In the early 1960’s, the NBRC began using a two-part oral examination to evaluate the knowledge and competency of respiratory therapists. Since the oral exam was conducted live with each examinee facing four examiners (2 examiners in 2 separate rooms), the oral exam was not considered a truly “objective” exam. Many issues were raised in regard to the subjectivity and consistency of the testing method and exam results. In 1979, the oral exam was replaced with the current clinical simulation exam.
The clinical simulation examination (CSE) consists of two parts – information gathering (IG) and decision making (DM). Until the end of 2014, the candidate must pass both parts (each part has its own minimal passing score) of the same exam. If the candidate fails the IG or DM part of the CSE, he/she must re-take the entire CSE exam (both parts).

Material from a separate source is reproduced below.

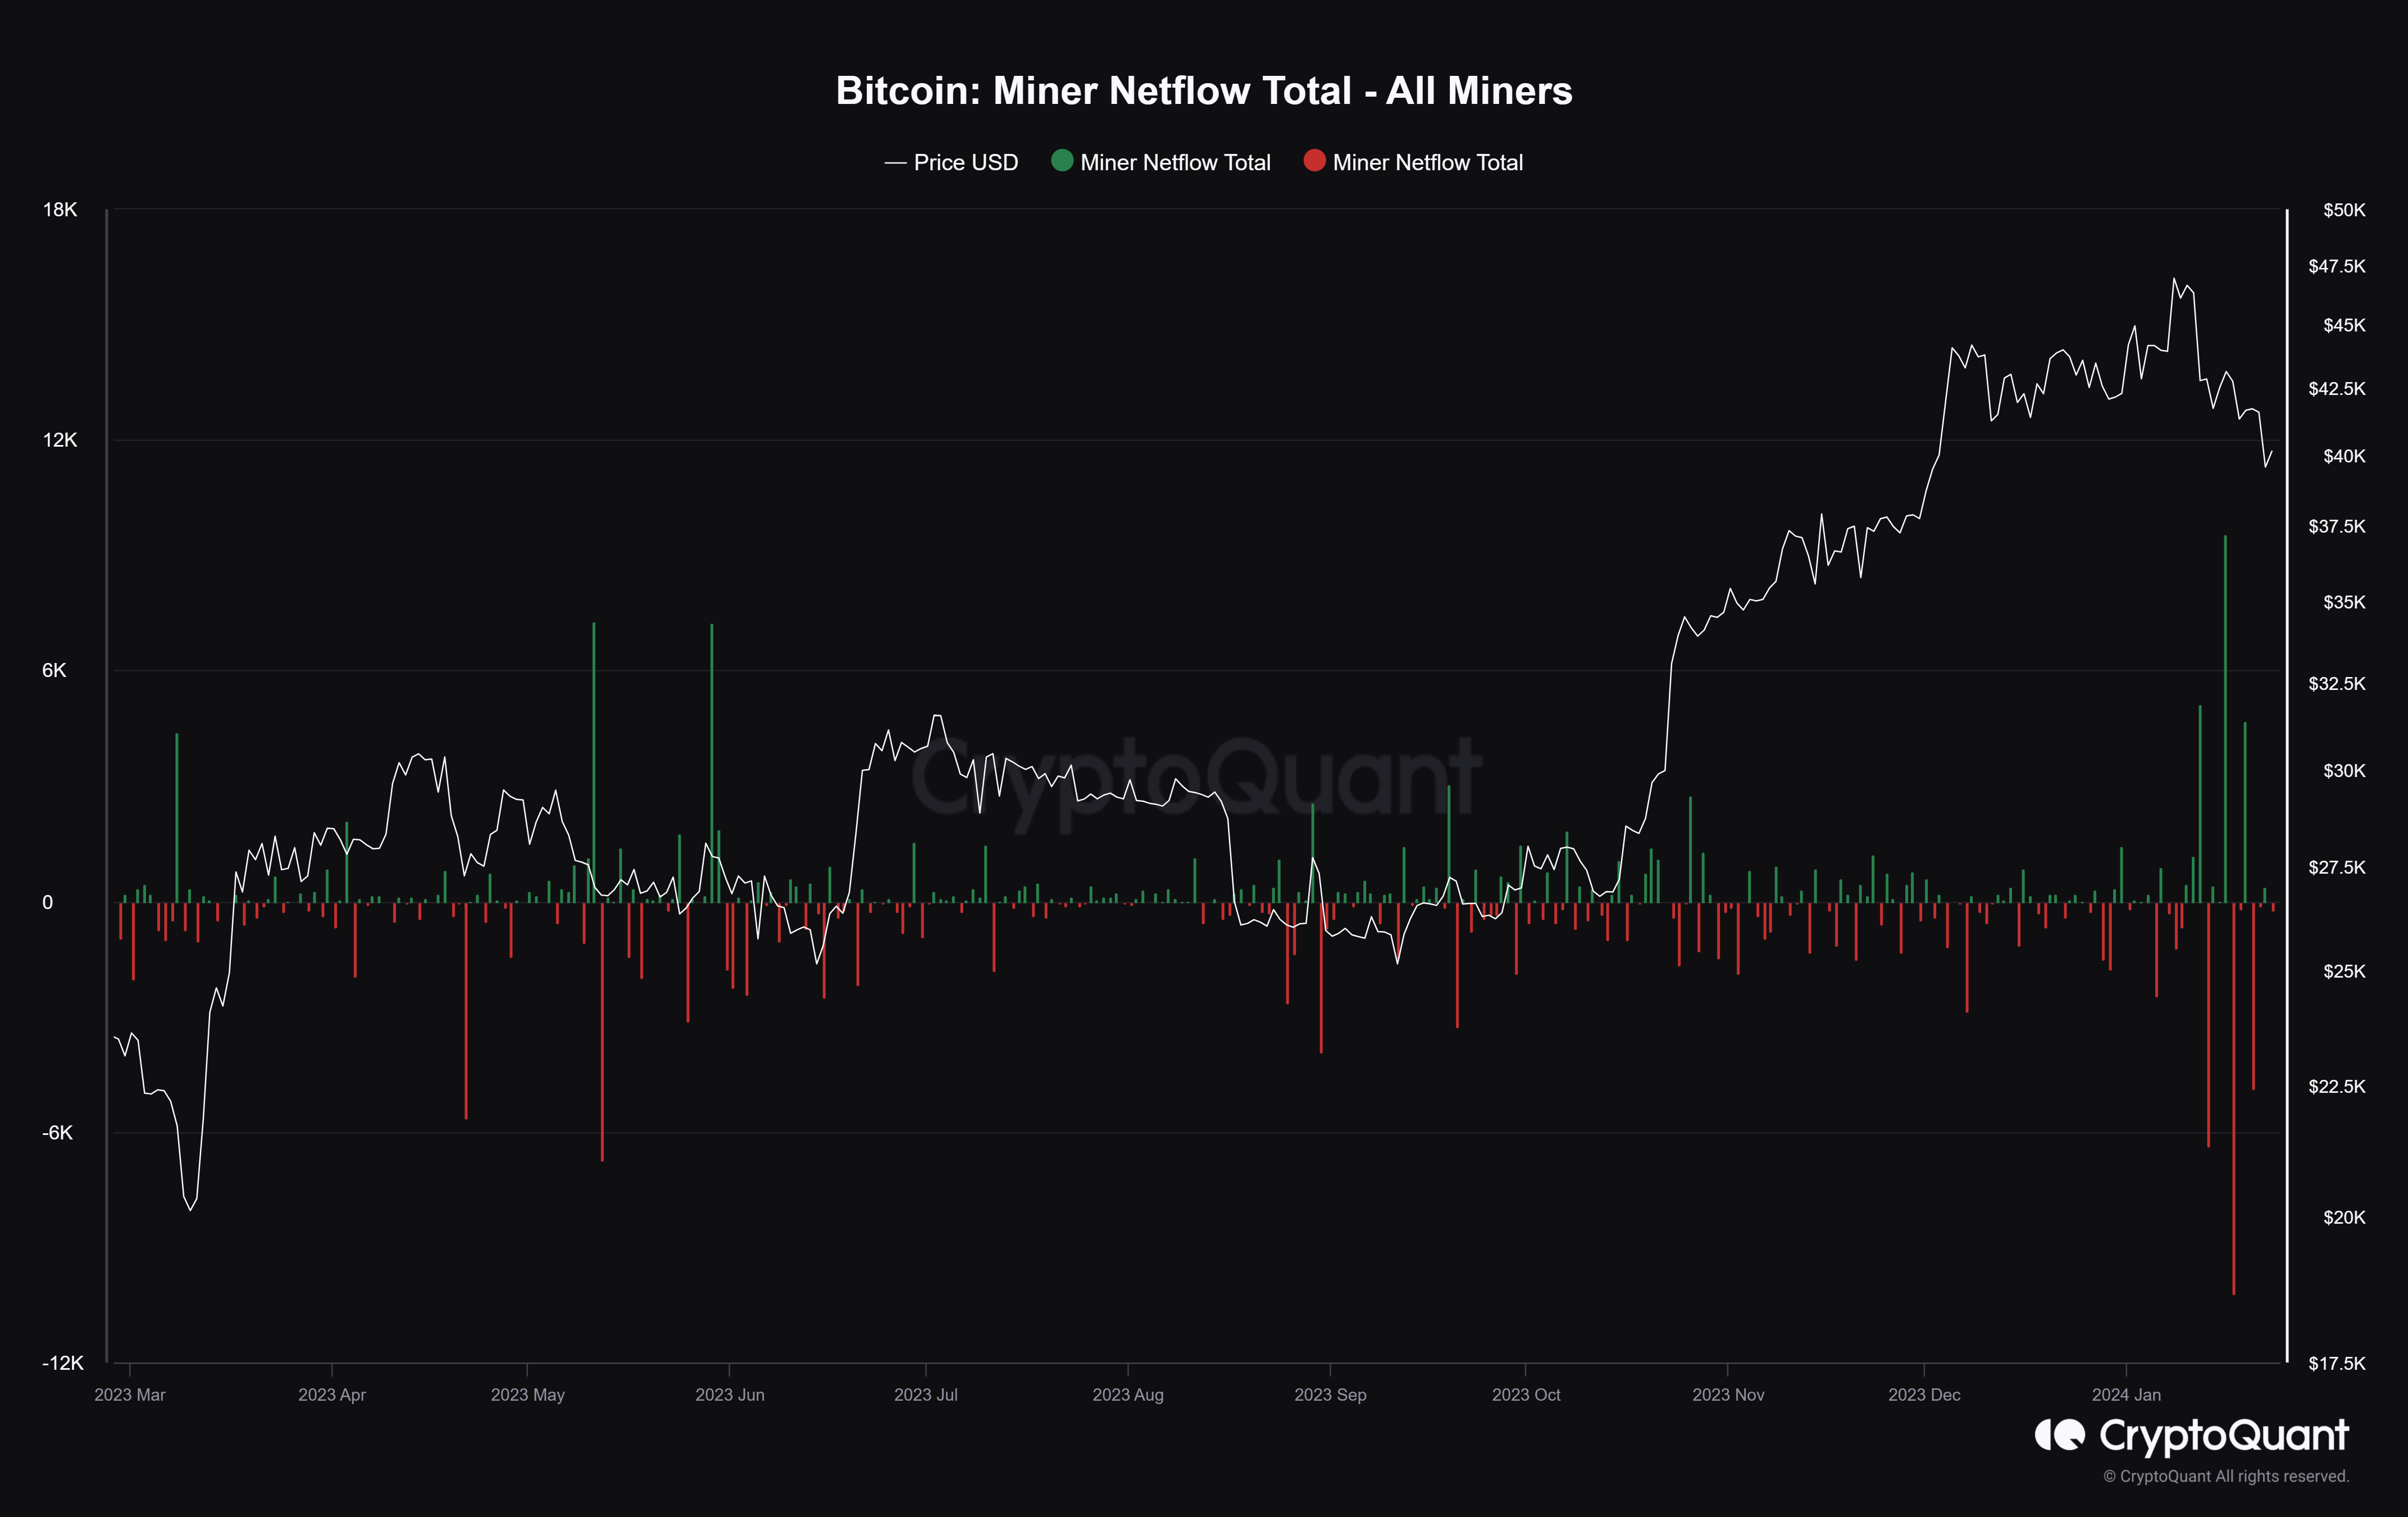 Bitcoin miner net flows

Starting in 2015, the Clinical Simulation Examination contains a total of 22 patient management problems (20 scored and 2 pretest problems). The time allowed is 4 hours (240 minutes) or about 10 minutes per problem. The IG and DM scores are combined with a single passing score. For example, one form of the 2015 CSE has a passing score of 72% (cut score 272 / maximum score 376).

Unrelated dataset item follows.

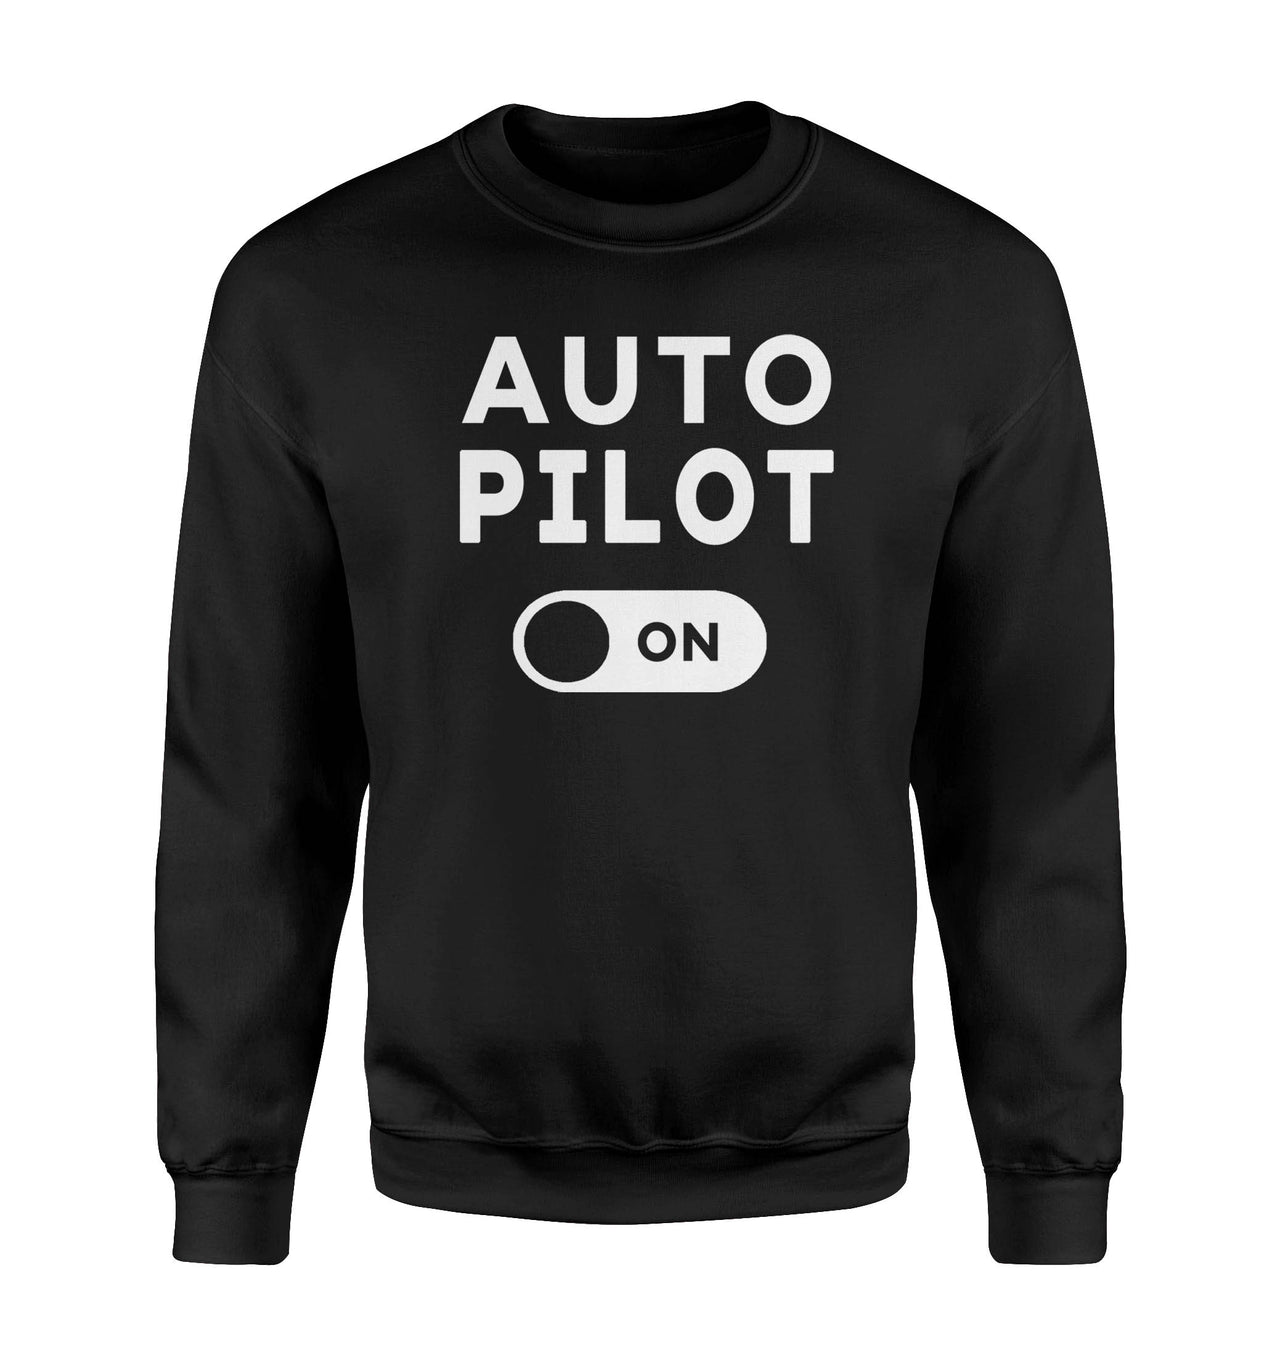 Auto Pilot ON Designed Sweatshirts

In traditional written objective exams (e.g., multiple-choice), each correct answer earns one point. No points are deducted for incorrect answers. In the CSE, the total score is determined by “right minus wrong.” The points earned for selecting the correct answers are reduced by the points for incorrect answers. For example, if a candidate gets 8 correct choices and 3 incorrect choices in the “Information Gathering” section, 5 (8-3) points are earned for the section. In terms of testing strategy, it would be better to have 6 correct choices and 0 incorrect choices.
The strategy to earn maximal number of points in the CSE, therefore, is to avoid selecting too many incorrect choices.
This strategy becomes more important in the “Decision Making” sections because DM sections have very few choices (5 to 6) to pick from. More importantly, each section usually has only one best (correct) choice. For this reason, the point distribution does not favor making “bad” decisions. For example, if a candidate gets 1 correct choice after making 2 incorrect choices in a “Decision Making” section, the candidate may earn 0 point for this section (assuming correct choice = 2 points and incorrect choices = 1 point each).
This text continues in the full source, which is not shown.